Once you have data, only use what helps the argument. So, if test scores for certain grades are low relative to the county or state, use those, not all test scores. If you want to use dropout data, use the four-year derived rate, not the single year, which will be much lower. In some states, such as Illinois, drop out data is wildly understated, due to the way the state treats students who are no longer in school, so if you have to use it, underscore this fact. Health data, including disease incidence, mortality, etc., can usually be found at state and local health department web sites, while crime and gang data are typically found at police department web sites.
If you’re having difficulty building your argument with data, a good technique is to call local “experts” for quotes. For example, find and call the police unit responsible for gang suppression in your target area, then ask leading questions. Invariably, the officer will tell horror stories about rampant gang activity. Just ask if you can quote her and she will almost always agree. It’s always fun to include the names of some local gangs in your proposal for a dash of reader titillation. This is particularly important if the reader is on proposal 35 out of 40 and just wants to go find the hotel bar. You can also find the name of any large social service provider or city official in the target area (other than the one for whom you are working) and ask them about local problems with the target population. For example, if you seek information about at-risk youth services and you talk to the local boys and girls club executive director or city parks director, this person will almost always say that new problems are erupting every minute while their funding is declining.
This gives you the opportunity to write something like, according to Conrad Cuttlebone, YMCA Director, “there are many more latch-key kids in the community since the Hindenburg Dirigible Factory closed, and we’re seeing many more cases of domestic violence, while at the same time the county cut our funding by 50%.” When all else fails, you can simply write, “although specific target area level data is not available, the agency knows anecdotally that teen pregnancy is on the rise, mirroring national trends.” Of course, you can do this even if the local area doesn’t match national trends, as most reviewers don’t have the vaguest idea about national trends for anything.
In other words, while it is not a good idea to make up data, it’s perfectly fair to exaggerate problems through obfuscation and specious analysis. You’re generally rewarded for such effects: the worse the target area, the more likely you are to get points, and the more likely you are to be funded.

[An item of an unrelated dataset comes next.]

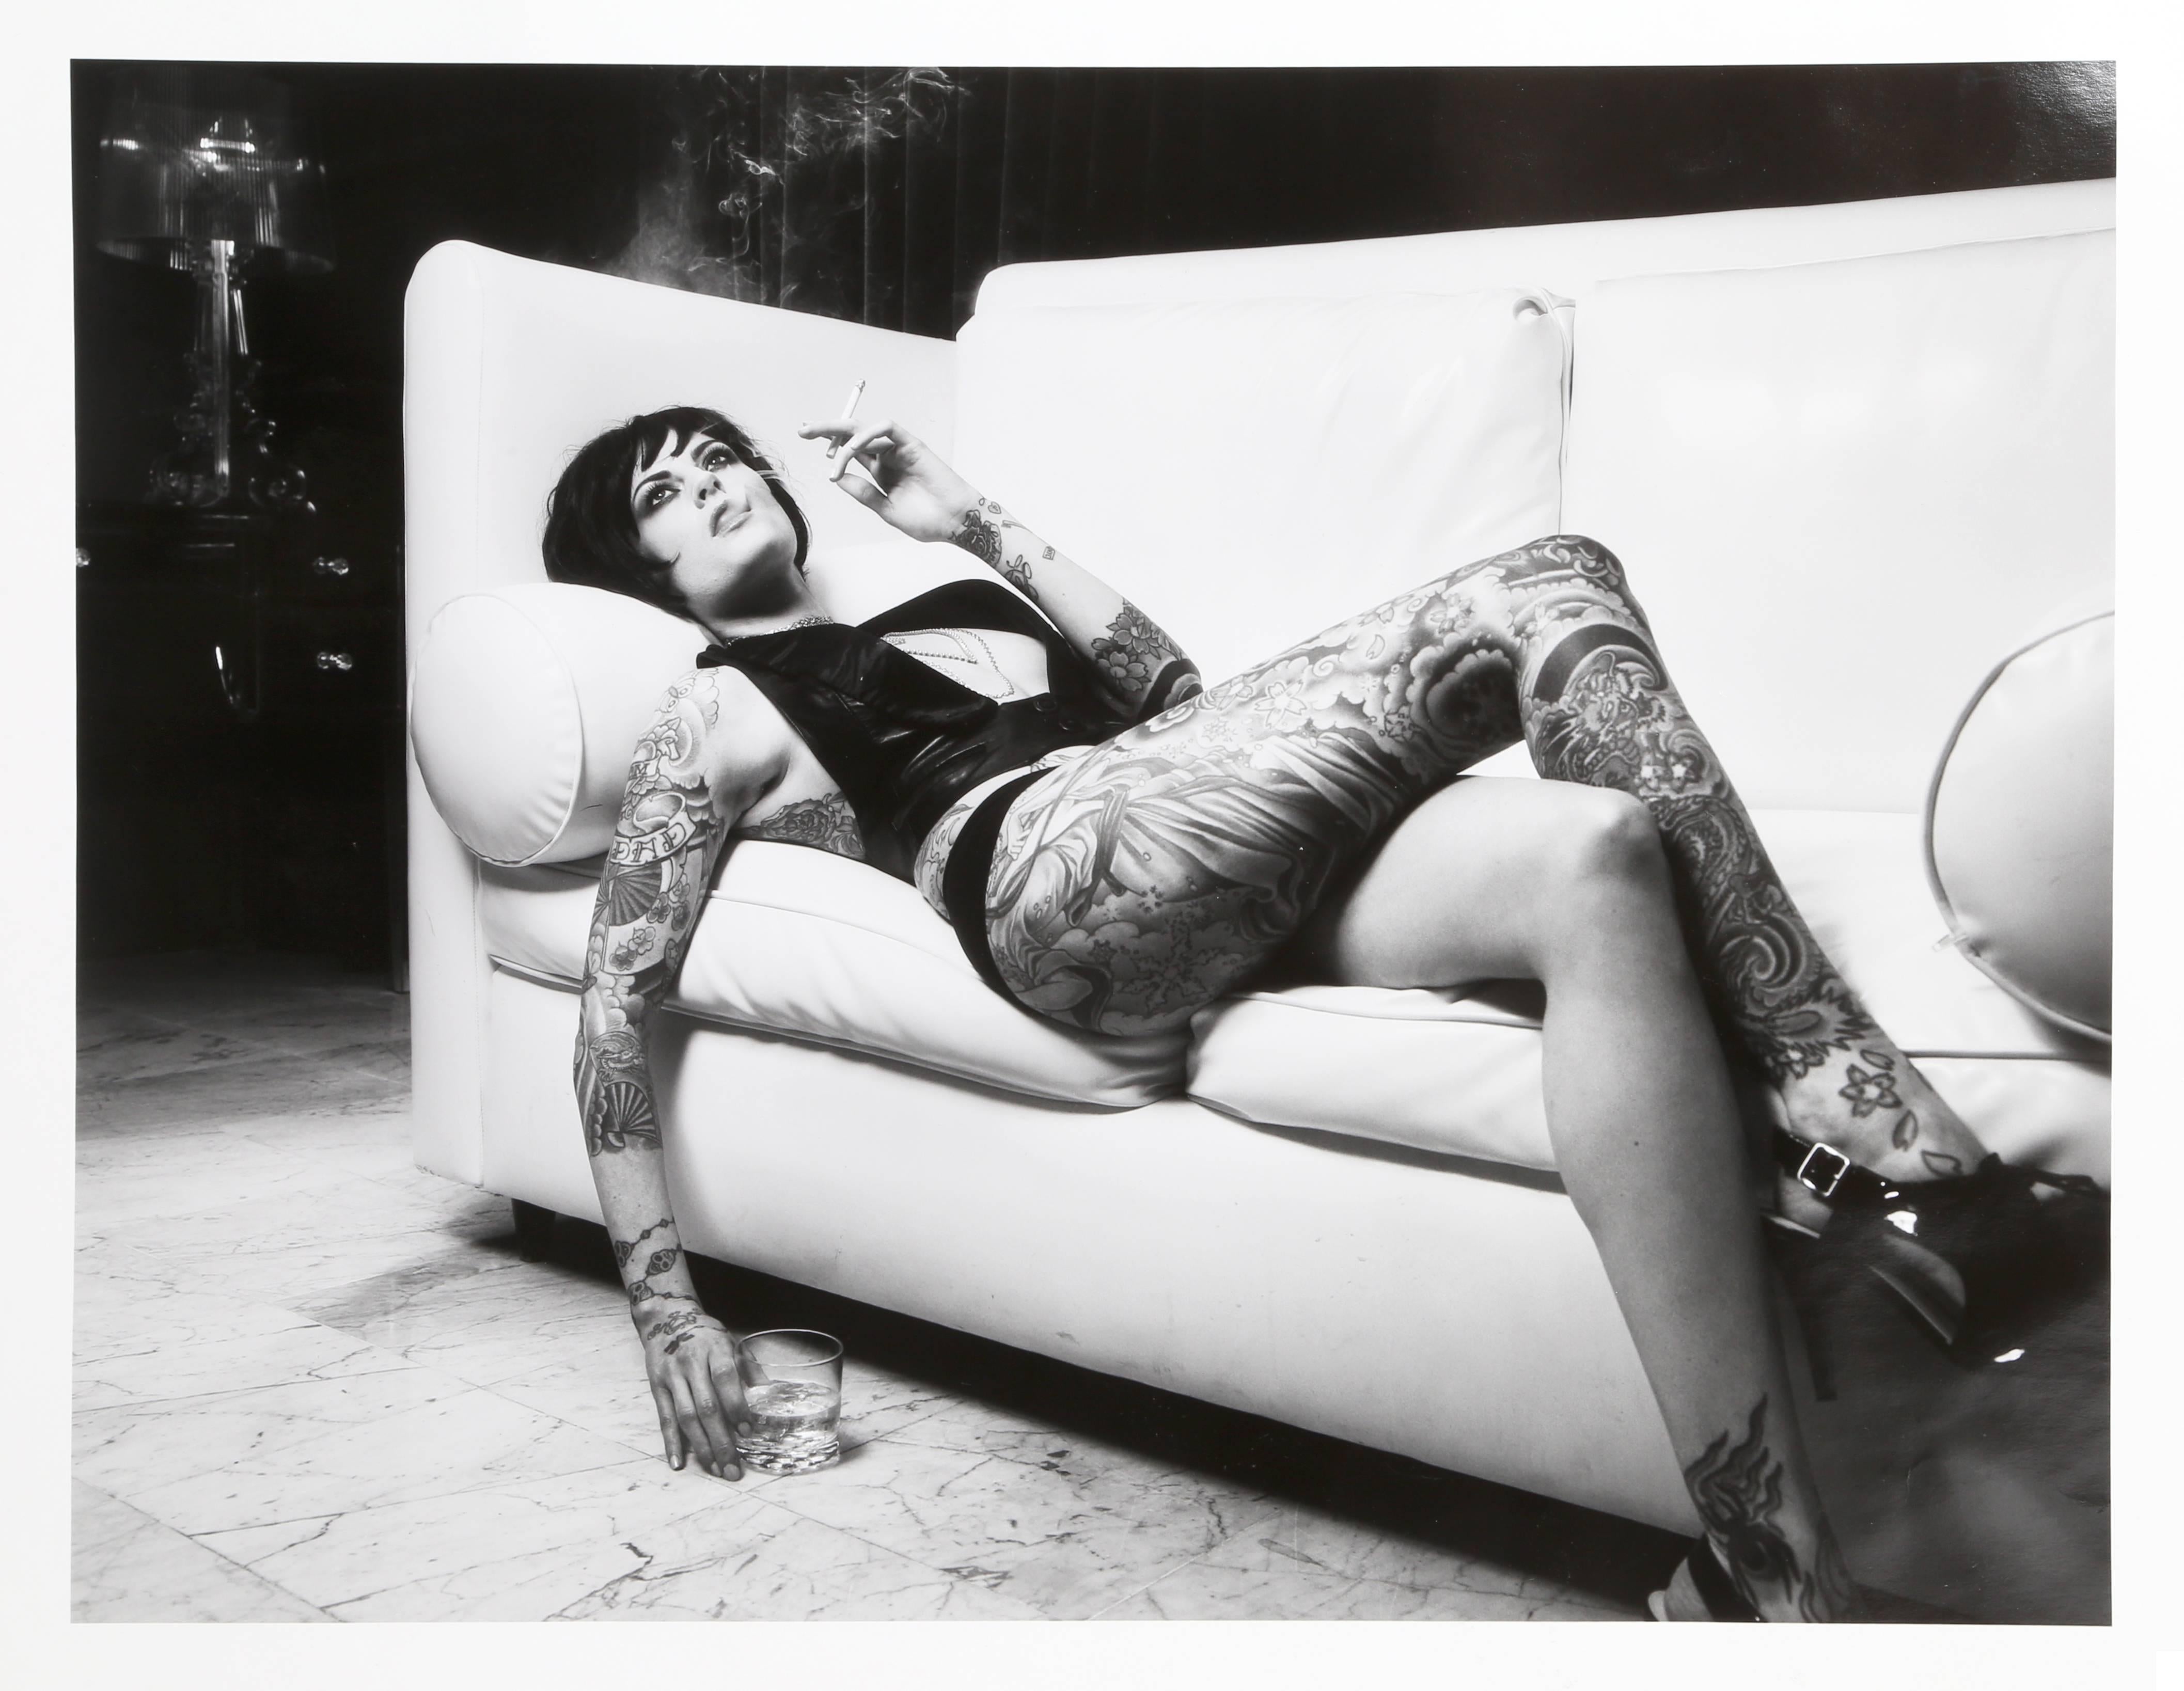 Warwick Saint Black and White Photograph - Smoking Woman with Tattoos

The gentle art of writing needs assessments really comes down to painting word pictures that combine cherry-picked data with opinions and anecdotes strung together to meet the expectations of reviewers, who assume something terrible must be going on in your community, or you would be doing almost anything other than writing a grant proposal, such as watching my favorite college football team, the KU Jayhawks, trounce Virginia Tech in the upcoming Orange Bowl. Rock! Chalk! Jayhawk! KU!